В «Геракле» Еврипида нет ни трагического конфликта, ни агона между антагонистами. Подлинный сюжет драмы — провал жертвоприношения, жертвенное насилие, пошедшее не туда. Геракл возвращается домой, завершив свои подвиги. Жену и детей он застает во власти узурпатора Лика, который готовится принести их в жертву. Геракл убивает Лика. После этого — последнего — акта насилия, совершенного внутри города, герой больше чем когда-либо нуждается в очищении и готовится совершить жертвоприношение. Жена и дети рядом с ним. Вдруг он принимает их за своих новых или былых врагов и, поддавшись приступу безумия, приносит их всех в жертву.

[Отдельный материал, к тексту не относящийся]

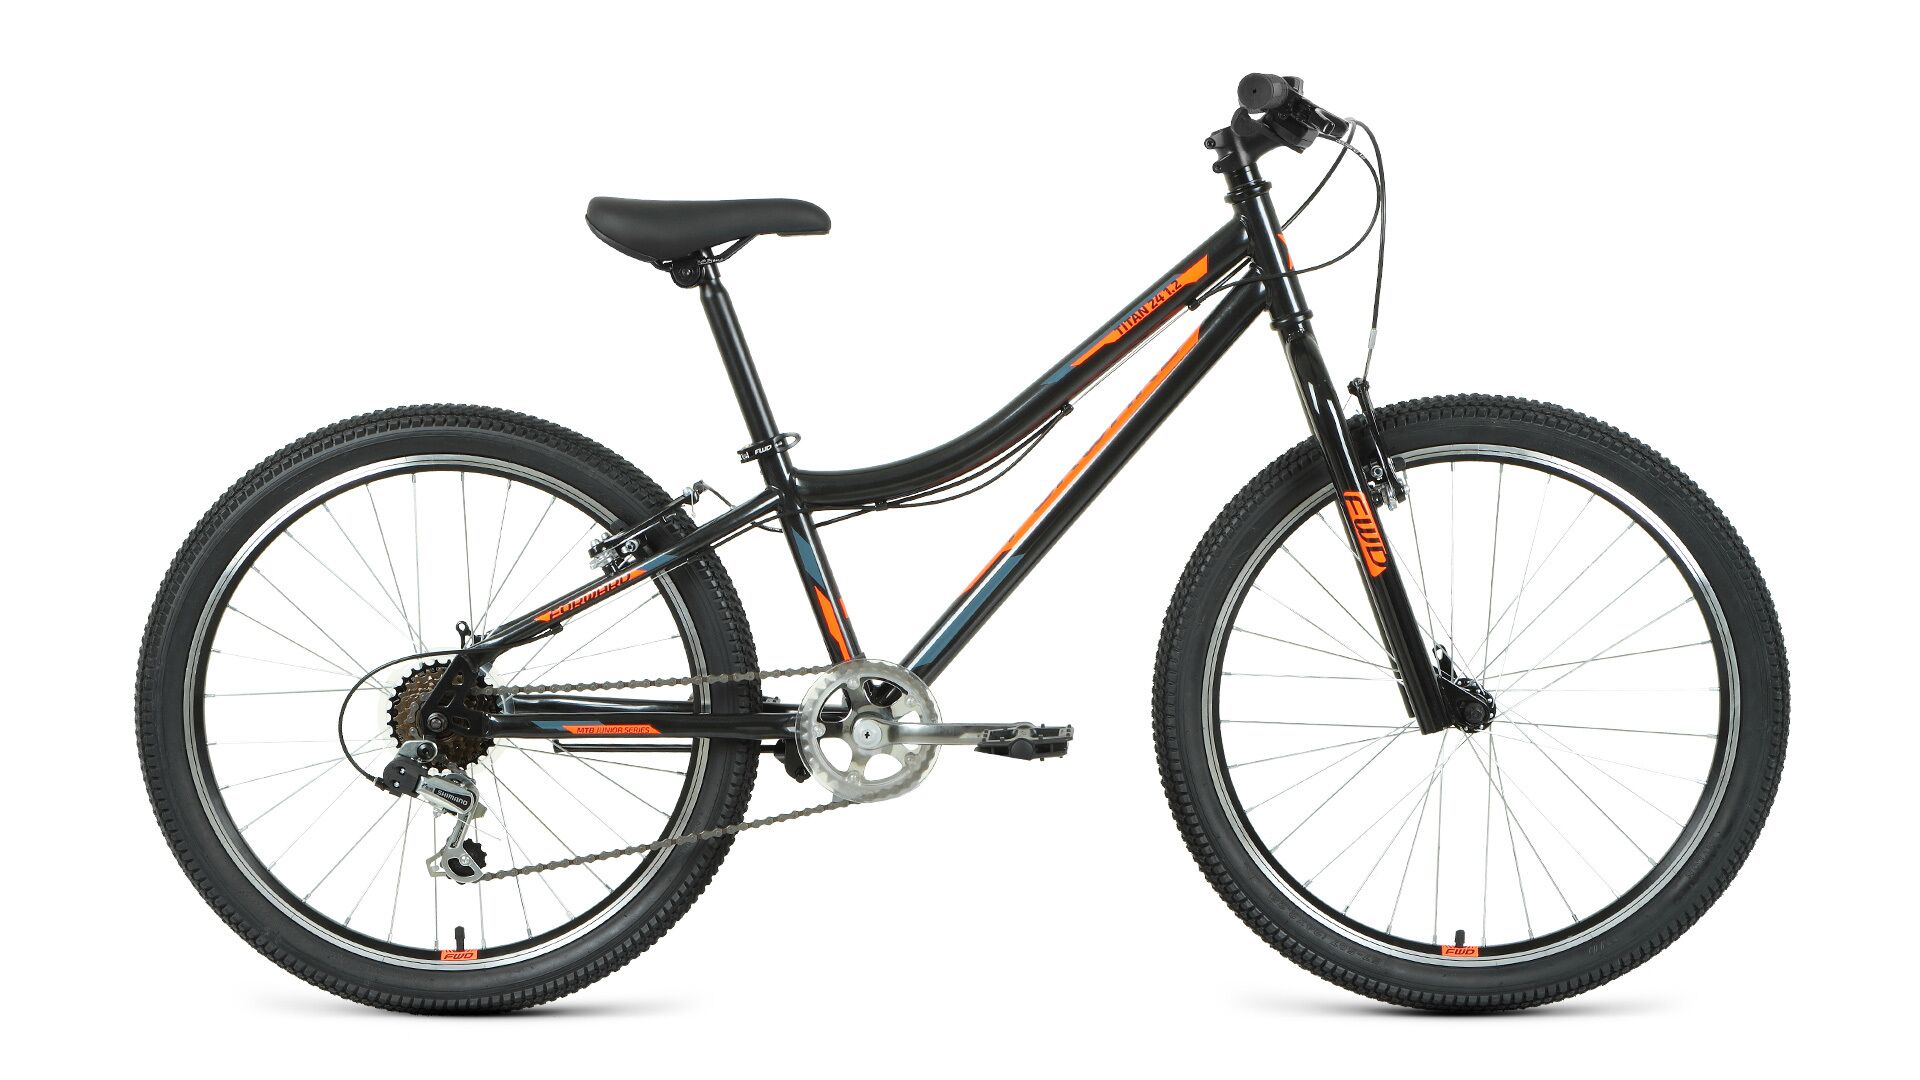 Фото выбрать и купить велосипед forward titan 24 1.0 (2021) чёрный / оранжевый велосипеды с доставкой, в магазине или со склада в СПб - большой выбор для подростка, велосипед forward titan 24 1.0 (2021) чёрный / оранжевый велосипеды в наличии - интернет-магазин Мастерская Тимура
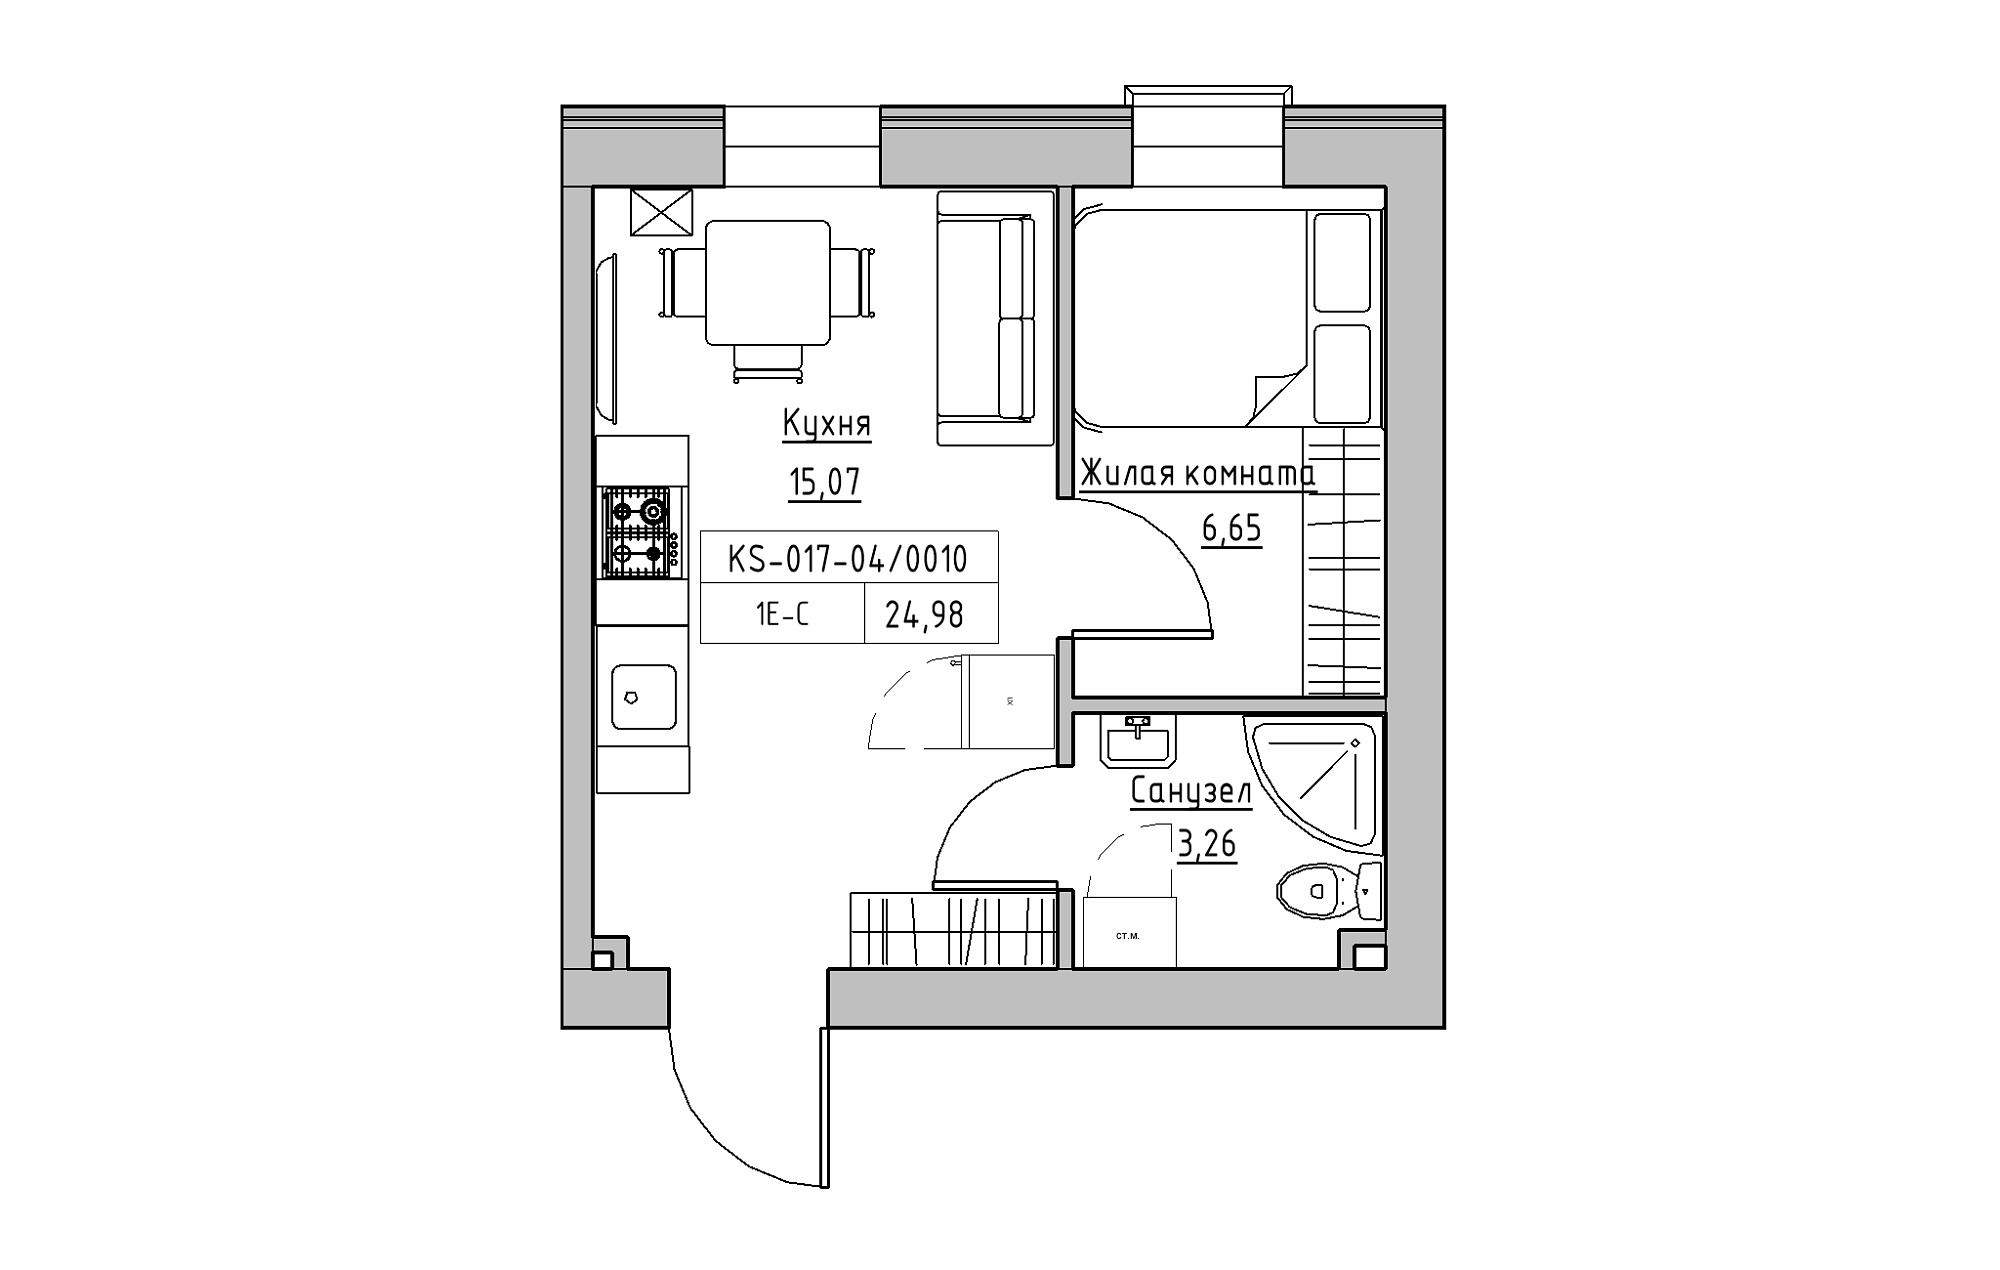 Планировка 1-к квартира площей 24.98м2, KS-017-04/0010.

Все происшедшее представлено как дело Лиссы, богини Бешенства, посланной двумя другими богинями, Иридой и Герой, которые ненавидят героя. Но на уровне драматического действия — убийственное безумие возникает из приготовления к жертвоприношению. Невозможно поверить, чтобы речь шла о простом совпадении, на которое поэт не обратил внимания; он сам привлекает наше внимание к тому, что в начале неистовства лежит ритуал. После резни отец Геракла, Амфитрион, спрашивает приходящего в себя сына:
Мое дитя, что же с тобой? Что значит это неистовство? Наверно, пролитая кровь помутила тебе разум.